Farzad Mostashari, policy panel takes critical look at CommonWell

'The question to ask is, will it work, will it help move us forward?'
By Diana Manos
12:00 AM

At a meeting of the Health IT Policy Committee on April 3, National Coordinator for Health Information Technology Farzad Mostashari, MD, and other committee members took a hard look at the CommonWell Health Alliance, a new vendor-led coalition to promote interoperability.
McKesson, Cerner, Allscripts, Greenway and athenahealth, along with RelayHealth, McKesson's connectivity business, announced the alliance at the 2013 HIMSS Annual Conference & Exhibition in New Orleans. Leaders of the nonprofit group say its aim is to make the exchange of data easier, but Mostashari and some members of the Health IT Policy Committee questioned whether the alliance might make things worse.
The debate over the new organization followed an extensive report delivered at the meeting, in which some members of the committee said they were confused over what CommonWell has to offer. Did the alliance intend to replace HIEs? How would data exchange work? What are the goals?
Software entrepreneur Paul Egerman, co-chair of the policy panel and one of two members to deliver the report, said the CommonWell alliance is "a nationwide endeavor; an example for the nation." Egerman, who based his report on briefings with alliance members, said the group aims to "solve" the nationwide data exchange problem.
Charles Kennedy, CEO, Accountable Care Solutions for Aetna and co-presenter of the report, said although the group defends its altruistic purposes, he has his doubts, and wonders why competitors would want to cooperate. He conceded, however, that his sense from the group's founders was that they want to level the playing field for all vendors.
Panel member Judy Faulkner, founder and CEO of Epic Systems, said she felt excluded from the organization at the HIMSS Conference, where it was announced. "We were scolded for not being part of this group, and yet we weren’t invited," she told fellow panel members.
For his part, McKesson CEO John Hammergren told Healthcare IT News in March he was "hopeful" that Epic "will see it the same way we see it" and sign on with CommonWell.
He added that "the only reason they weren't at the table," at the alliance's initial announcement "is that we needed speed to get the deal done, and I don't think anyone [at McKesson and Cerner] had as close a working relationship, perhaps, with Epic as we do with this group," referring to Allscripts, Greenway and athenahealth.
Hammergren said he planned to spend the coming months "engaged in trying to recruit more companies into the alliance," in hopes that "every day we'll have a more ubiquitous group of people saying, "This makes sense for us, and we want to participate."

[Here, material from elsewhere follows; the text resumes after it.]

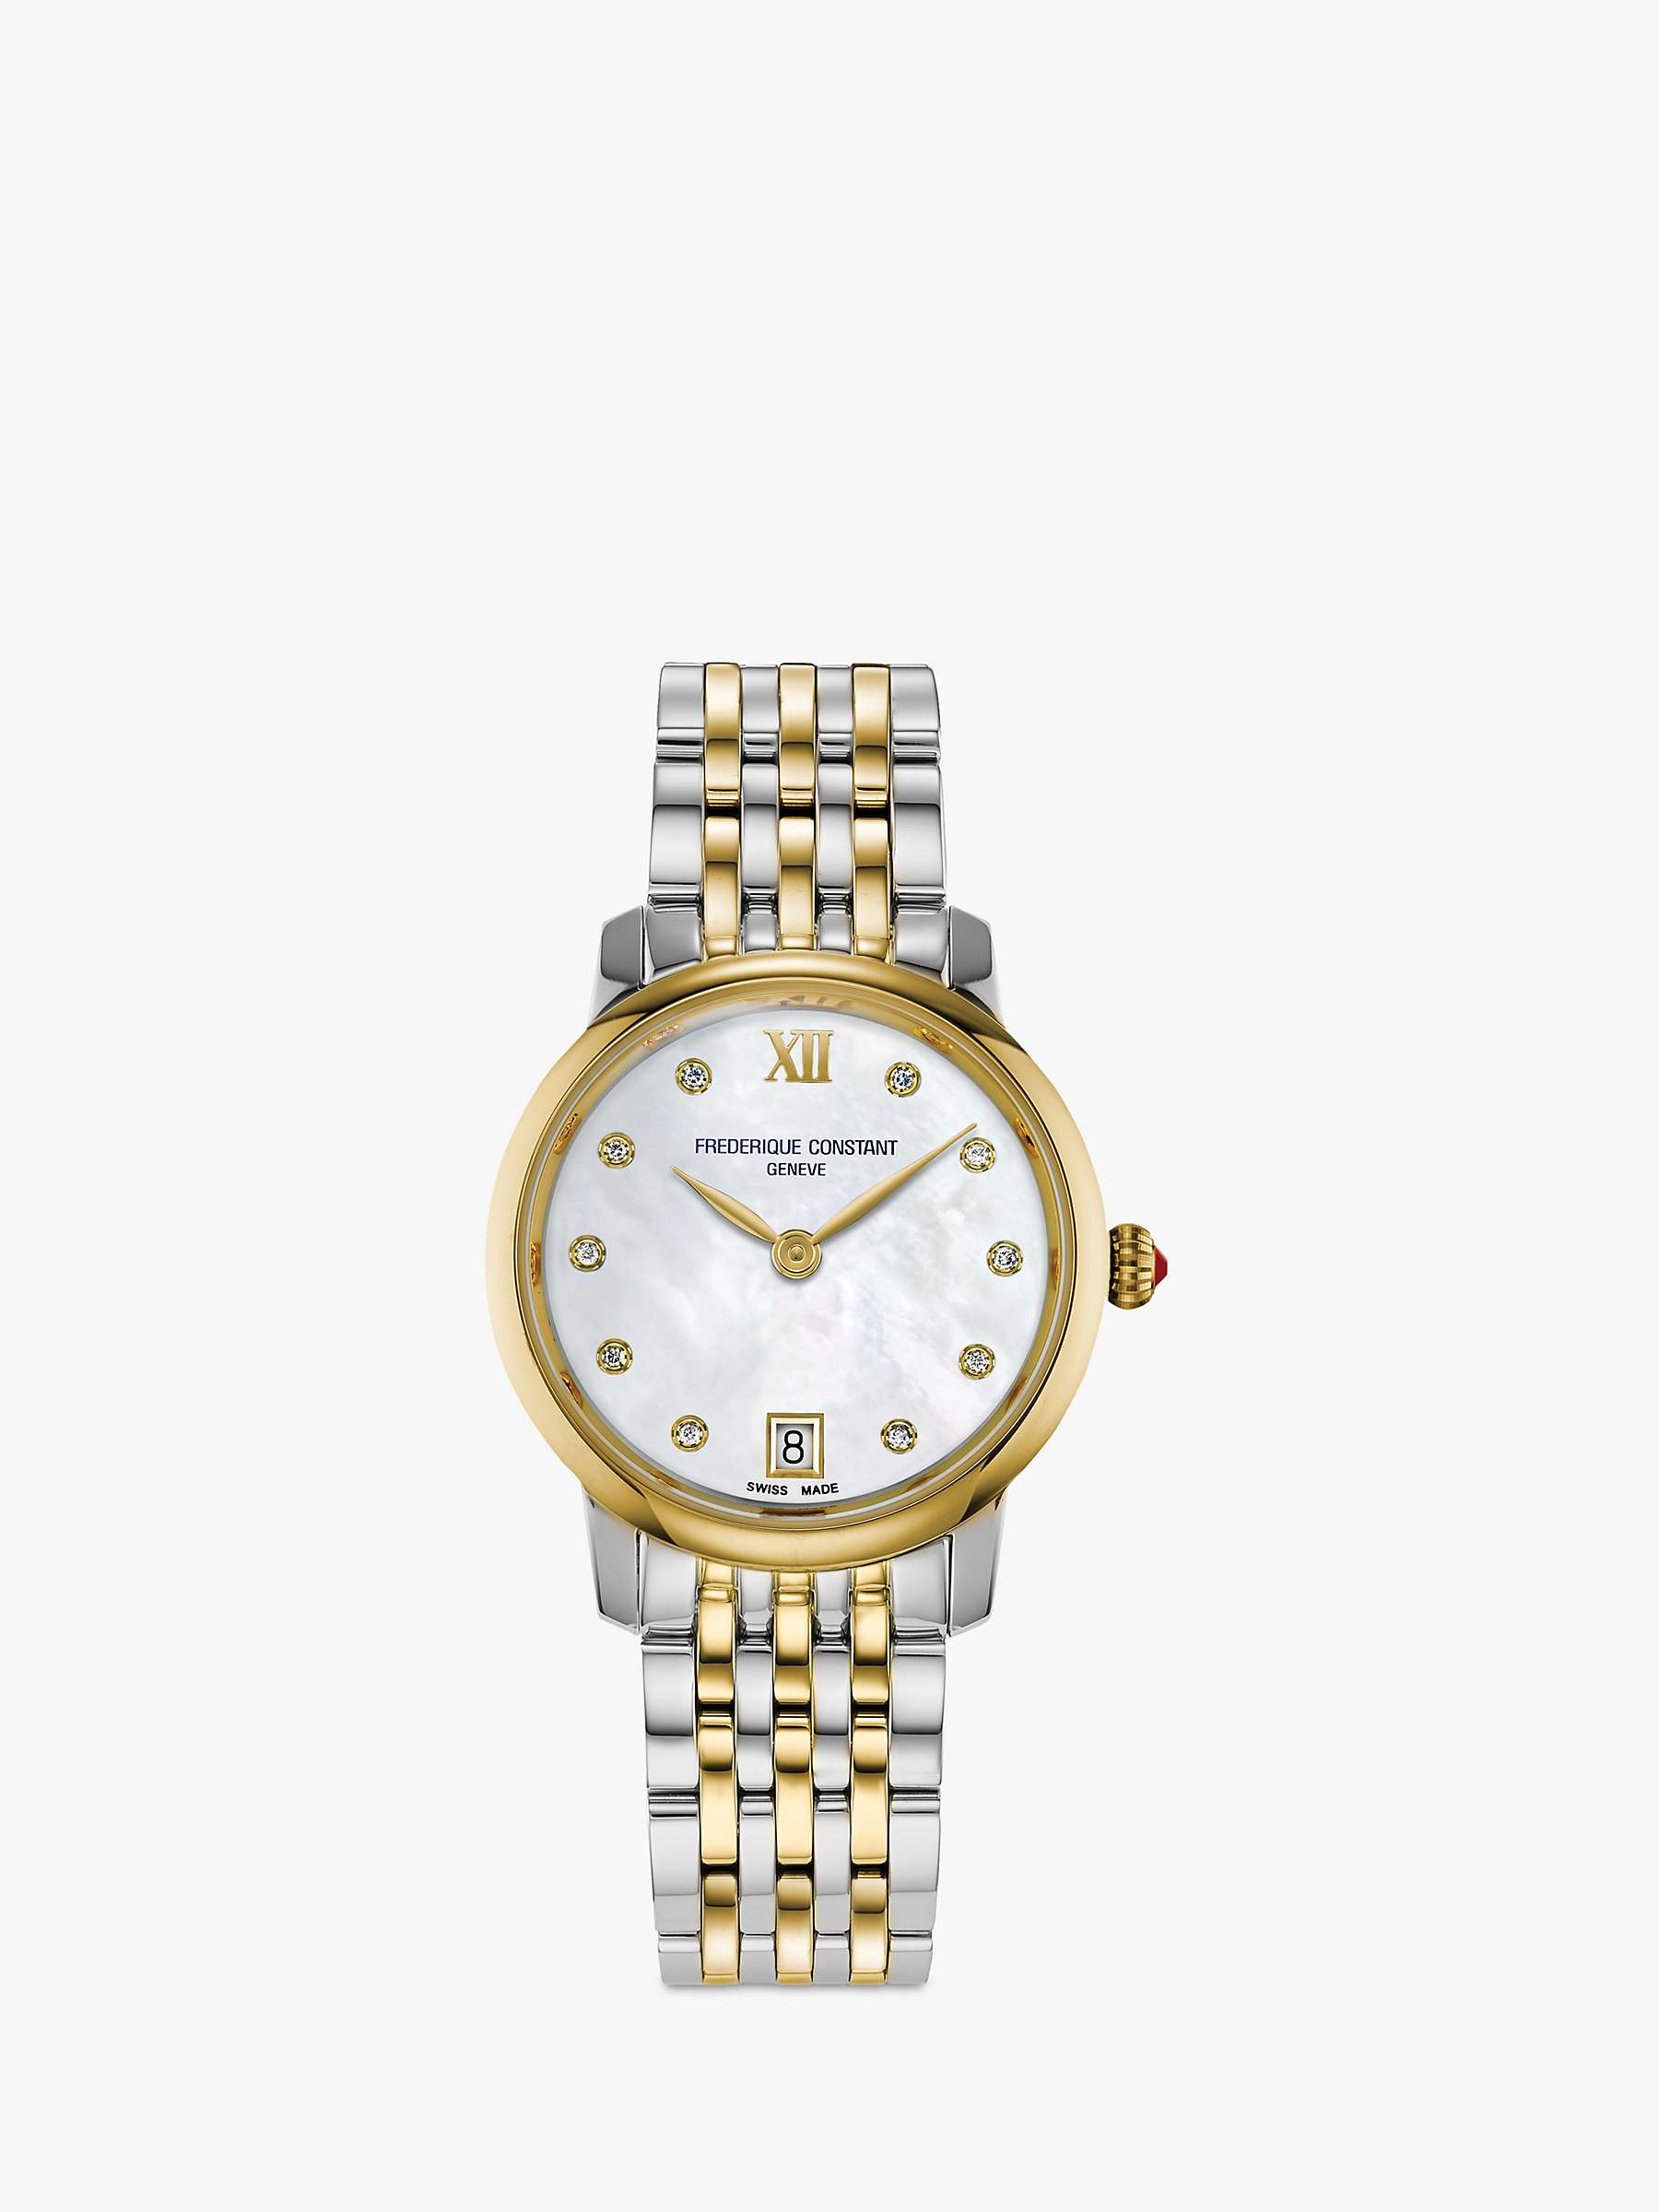 Buy Frederique Constant FC-220MPWD1S23B Women's Classic Slimline Watch, Gold/Silver Online at johnlewis.com

On the surface, Faulkner said, CommonWell appears to be a business. "We do know it’s expensive to participate," she added. Faulkner also questioned whether the group would favor the founding companies and whether it planned to sell de-identified data.
Speaking at the press conference announcing CommonWell's launch, Cerner CEO Neal Patterson said, "It's time for vendors, even as they continue to compete in the marketplace, to break down their data silos." He added that progress on the data liquidity front would have to come from the private sector: "Our government is not going to deal with this problem.
Egerman said he'd heard some concerns expressed that vendors may be using the organization to "go nationwide." And there are questions over whether the vendors will require users to go through the CommonWell Health Alliance, rather than through a regional health information exchange, he said. “I can’t project what a vendor will do," Egerman said.
Mostashari said the key question is whether the service is severable, or if it’s an exclusive network. If it’s an optional service that rides on top of a regional exchange, it could be useful, he said.
"The question to ask is, will it work. Will it help move us forward?" Mostashari said. "Many efforts have tried to be 'the' network,” he added, but it can’t come at the price of inhibiting other good activities.